Home » Benefits of Structured Logging vs basic logging

Benefits of Structured Logging vs basic logging

Solutons:


There are two fundamental advances with the structured approach that can’t be emulated using text logs without (sometimes extreme levels of) additional effort.

Event Types

When you write two events with log4net like:

log.Debug("Disk quota {0} exceeded by user {1}", 100, "DTI-Matt");
log.Debug("Disk quota {0} exceeded by user {1}", 150, "nblumhardt");

These will produce similar text:

Disk quota 100 exceeded by user DTI-Matt
Disk quota 150 exceeded by user nblumhardt

But, as far as machine processing is concerned, they’re just two lines of different text.

You may wish to find all “disk quota exceeded” events, but the simplistic case of looking for events like 'Disk quota%' will fall down as soon as another event occurs looking like:

Disk quota 100 set for user DTI-Matt

Text logging throws away the information we initially have about the source of the event, and this has to be reconstructed when reading the logs usually with more and more elaborate match expressions.

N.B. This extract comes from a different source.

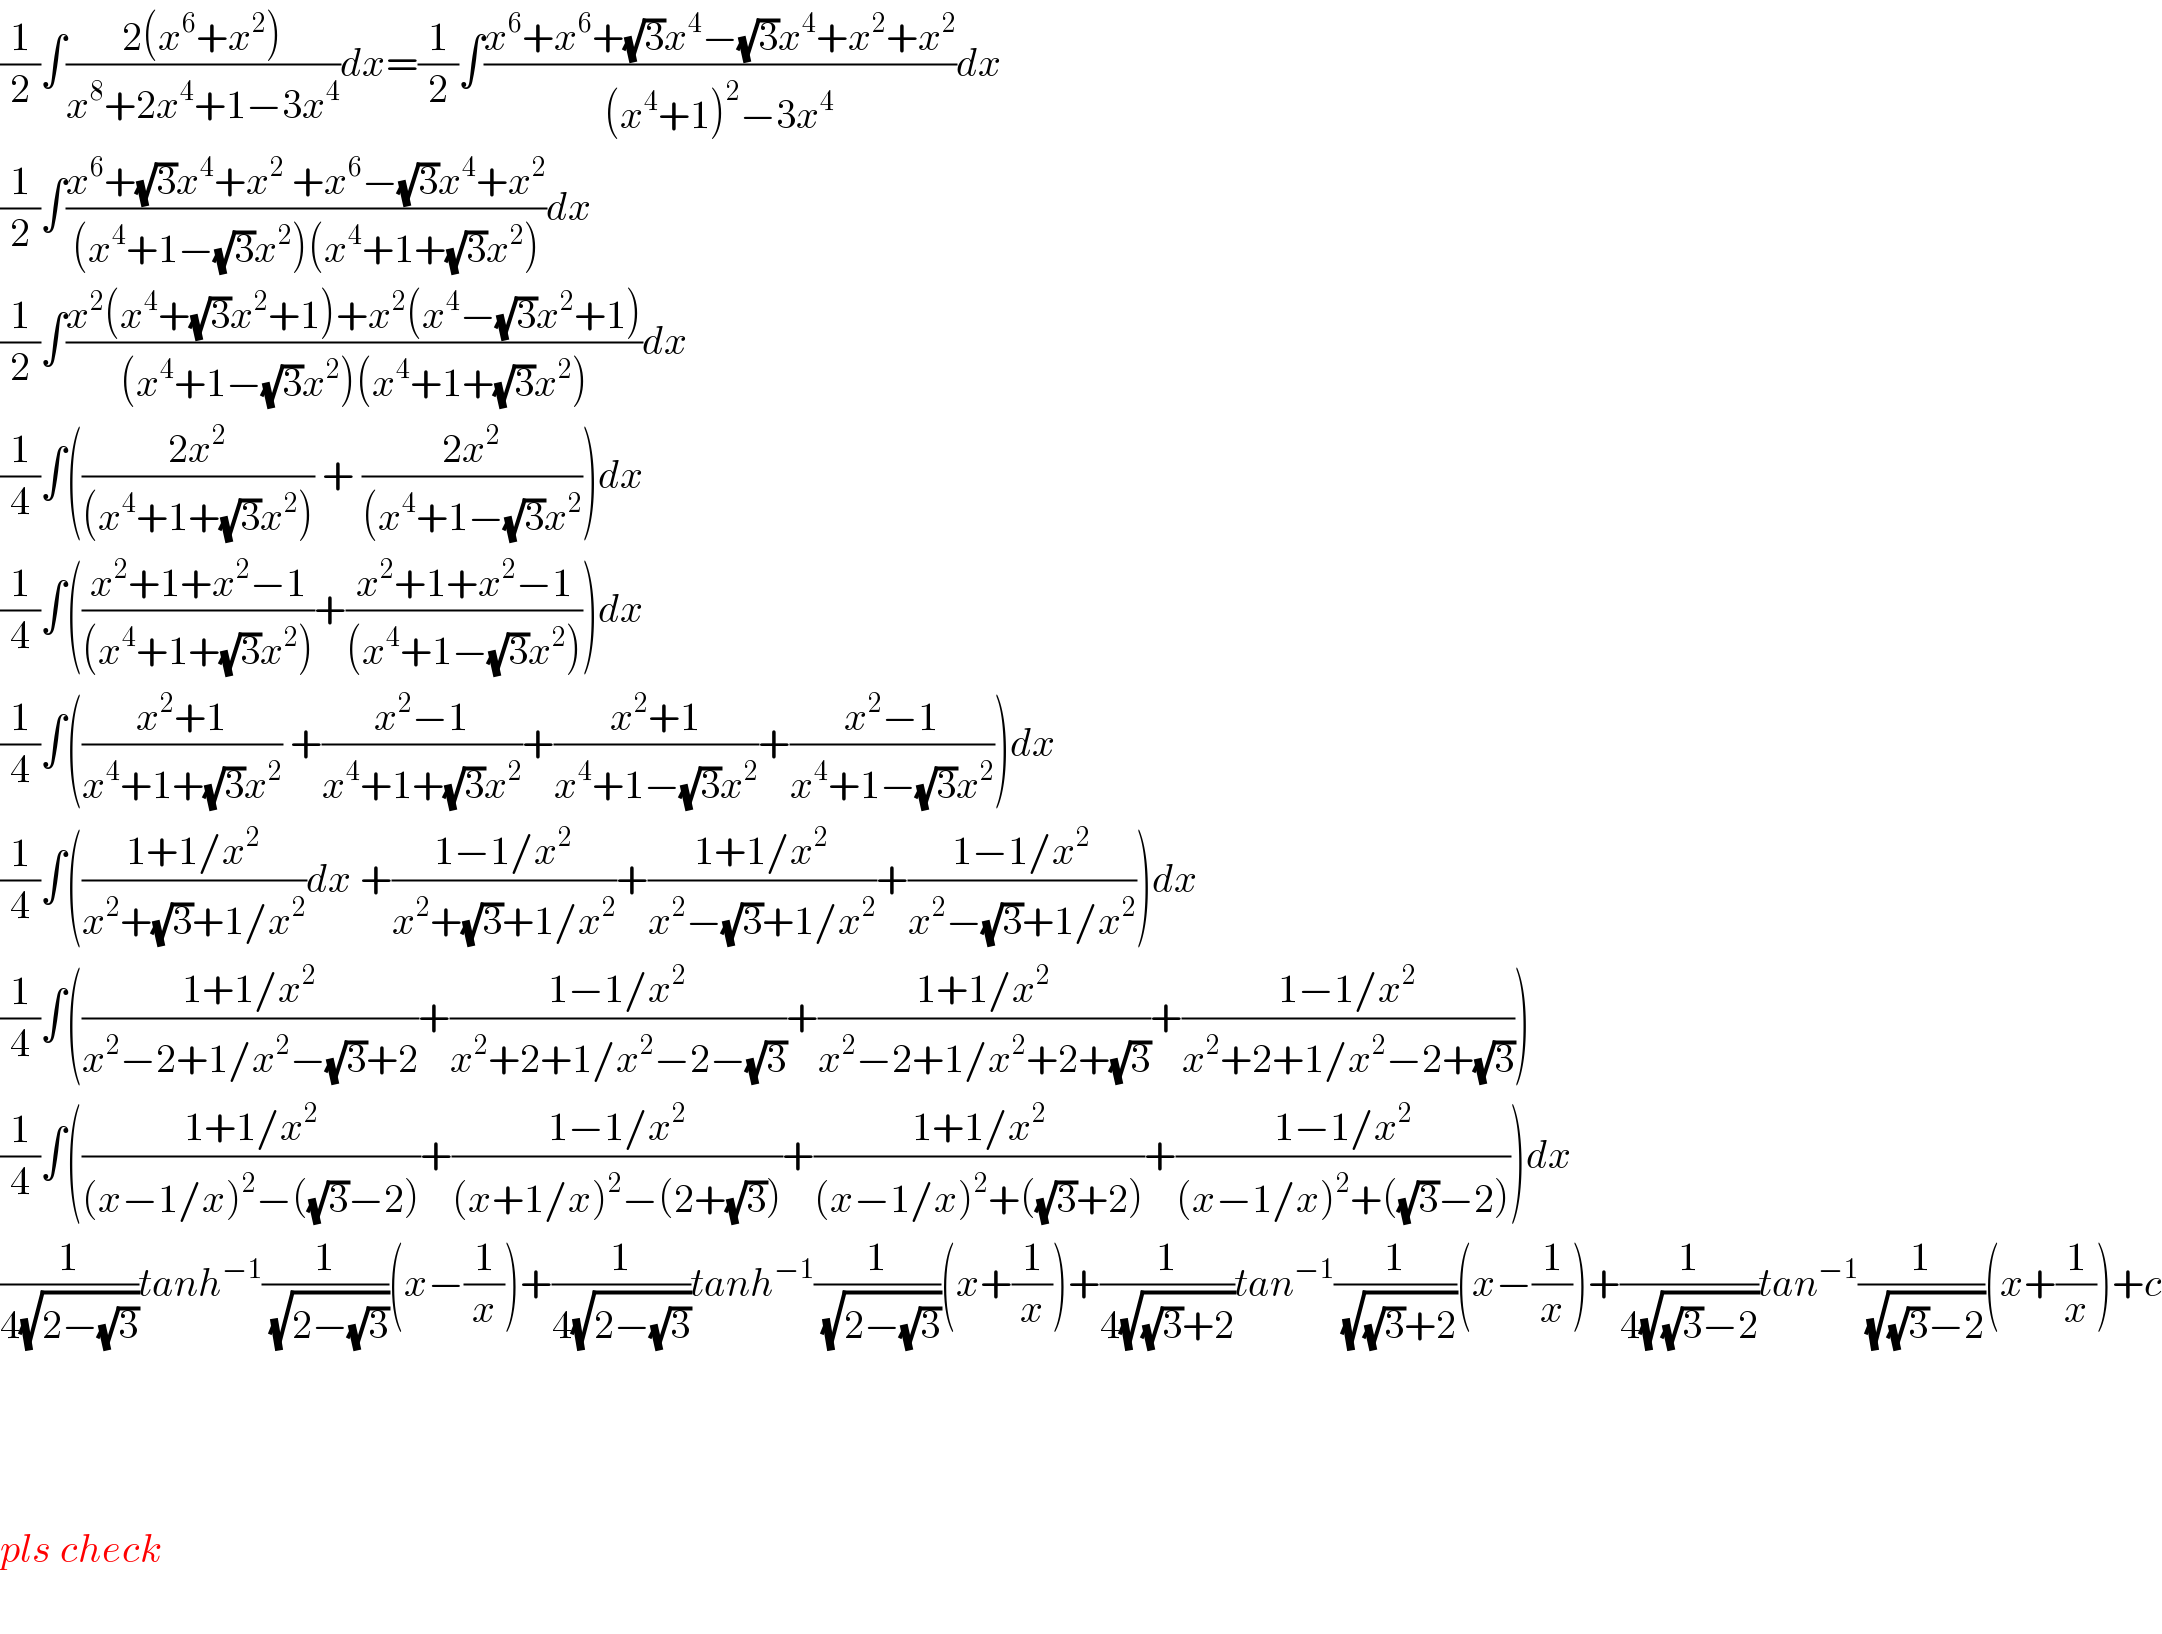 (1/2)∫((2(x^6 +x^2 ))/(x^8 +2x^4 +1−3x^4 ))dx=(1/2)∫((x^6 +x^6 +(√3)x^4 −(√3)x^4 +x^2 +x^2 )/((x^4 +1)^2 −3x^4 ))dx  (1/2)∫((x^6 +(√3)x^4 +x^2  +x^6 −(√3)x^4 +x^2 )/((x^4 +1−(√3)x^2 )(x^4 +1+(√3)x^2 )))dx  (1/2)∫((x^2 (x^4 +(√3)x^2 +1)+x^2 (x^4 −(√3)x^2 +1))/((x^4 +1−(√3)x^2 )(x^4 +1+(√3)x^2 )))dx  (1/4)∫(((2x^2 )/((x^4 +1+(√3)x^2 ))) + ((2x^2 )/((x^4 +1−(√3)x^2 )))dx  (1/4)∫(((x^2 +1+x^2 −1)/((x^4 +1+(√3)x^2 )))+((x^2 +1+x^2 −1)/((x^4 +1−(√3)x^2 ))))dx  (1/4)∫(((x^2 +1)/(x^4 +1+(√3)x^2 )) +((x^2 −1)/(x^4 +1+(√3)x^2 ))+((x^2 +1)/(x^4 +1−(√3)x^2 ))+((x^2 −1)/(x^4 +1−(√3)x^2 )))dx  (1/4)∫(((1+1/x^2 )/(x^2 +(√3)+1/x^2 ))dx +((1−1/x^2 )/(x^2 +(√3)+1/x^2 ))+((1+1/x^2 )/(x^2 −(√3)+1/x^2 ))+((1−1/x^2 )/(x^2 −(√3)+1/x^2 )))dx  (1/4)∫(((1+1/x^2 )/(x^2 −2+1/x^2 −(√3)+2))+((1−1/x^2 )/(x^2 +2+1/x^2 −2−(√3)))+((1+1/x^2 )/(x^2 −2+1/x^2 +2+(√3)))+((1−1/x^2 )/(x^2 +2+1/x^2 −2+(√3))))  (1/4)∫(((1+1/x^2 )/((x−1/x)^2 −((√3)−2)))+((1−1/x^2 )/((x+1/x)^2 −(2+(√3))))+((1+1/x^2 )/((x−1/x)^2 +((√3)+2)))+((1−1/x^2 )/((x−1/x)^2 +((√3)−2))))dx  (1/(4(√(2−(√3)))))tanh^(−1) (1/(√(2−(√3))))(x−(1/x))+(1/(4(√(2−(√3)))))tanh^(−1) (1/(√(2−(√3))))(x+(1/x))+(1/(4(√((√3)+2))))tan^(−1) (1/(√((√3)+2)))(x−(1/x))+(1/(4(√((√3)−2))))tan^(−1) (1/(√((√3)−2)))(x+(1/x))+c        pls check    
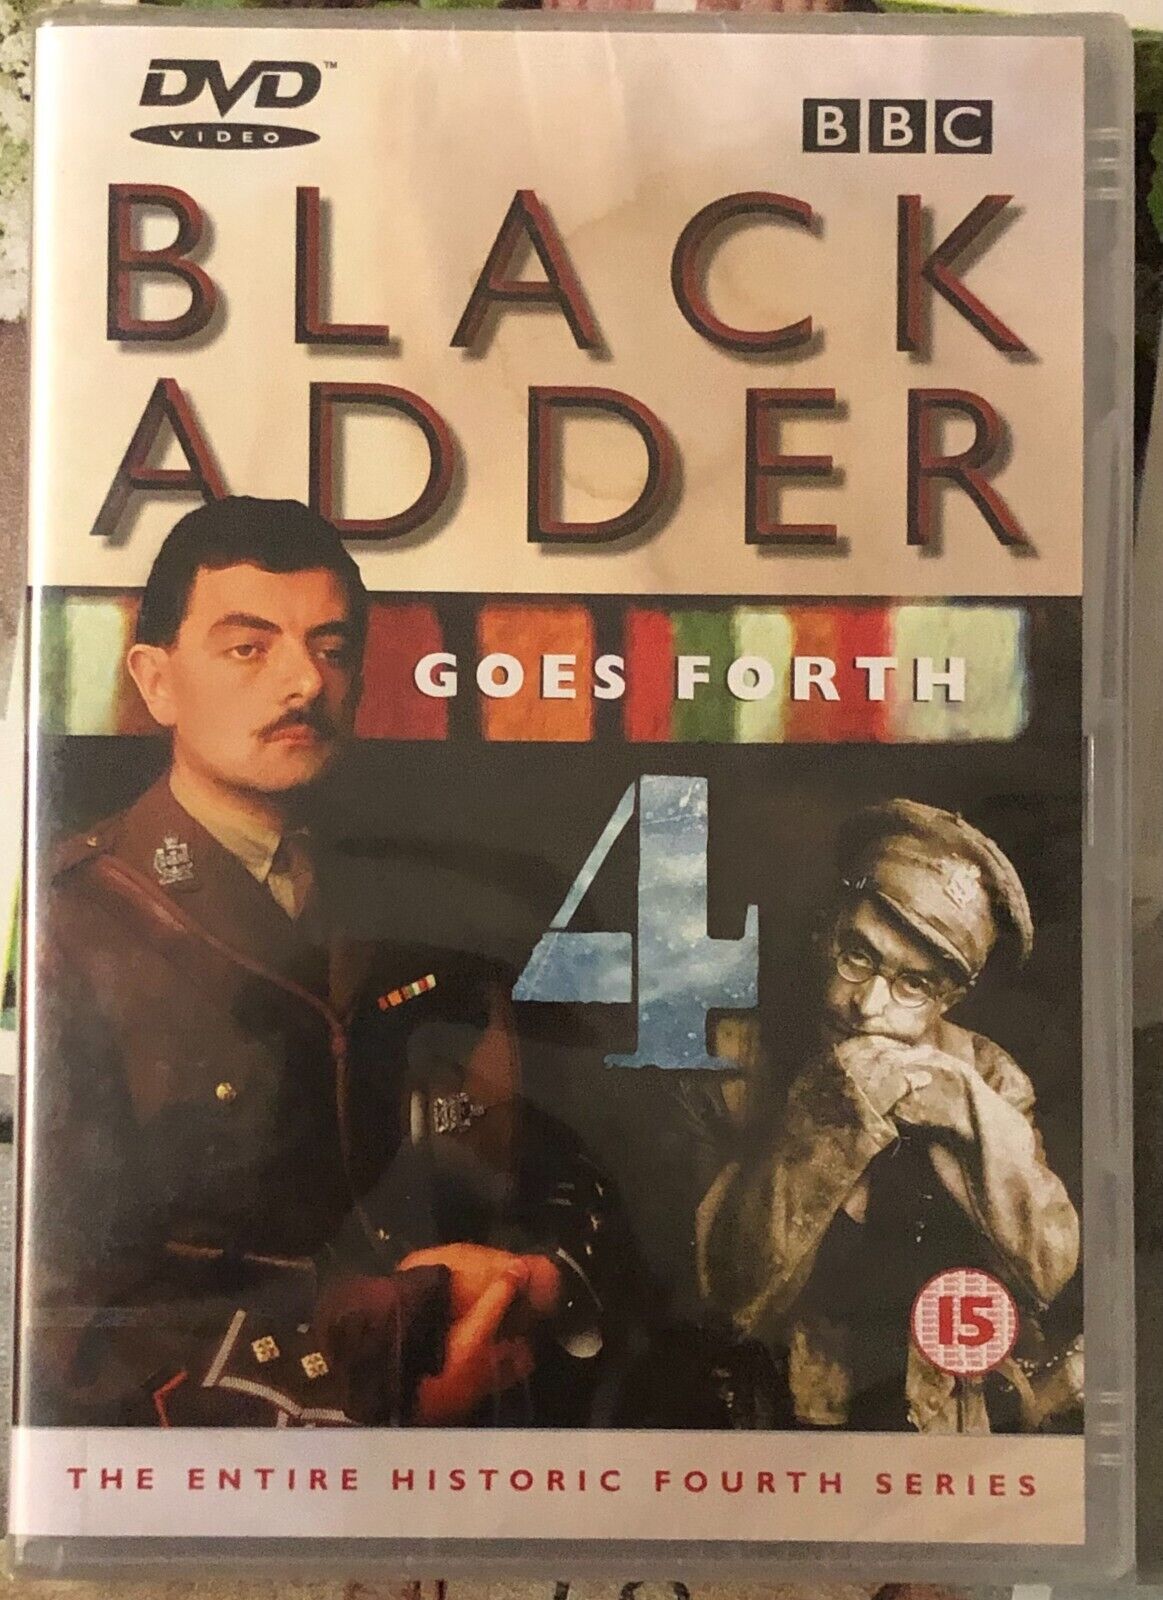 Blackadder Goes Forth DVD di Richard Boden, 1989, Bbc

By contrast, when you write the following two Serilog events:

log.Debug("Disk quota {Quota} exceeded by user {Username}", 100, "DTI-Matt");
log.Debug("Disk quota {Quota} exceeded by user {Username}", 150, "nblumhardt");

These produce similar text output to the log4net version, but behind the scenes, the "Disk quota {Quota} exceeded by user {Username}" message template is carried by both events.

With an appropriate sink, you can later write queries where MessageTemplate="Disk quota {Quota} exceeded by user {Username}" and get exactly the events where the disk quota was exceeded.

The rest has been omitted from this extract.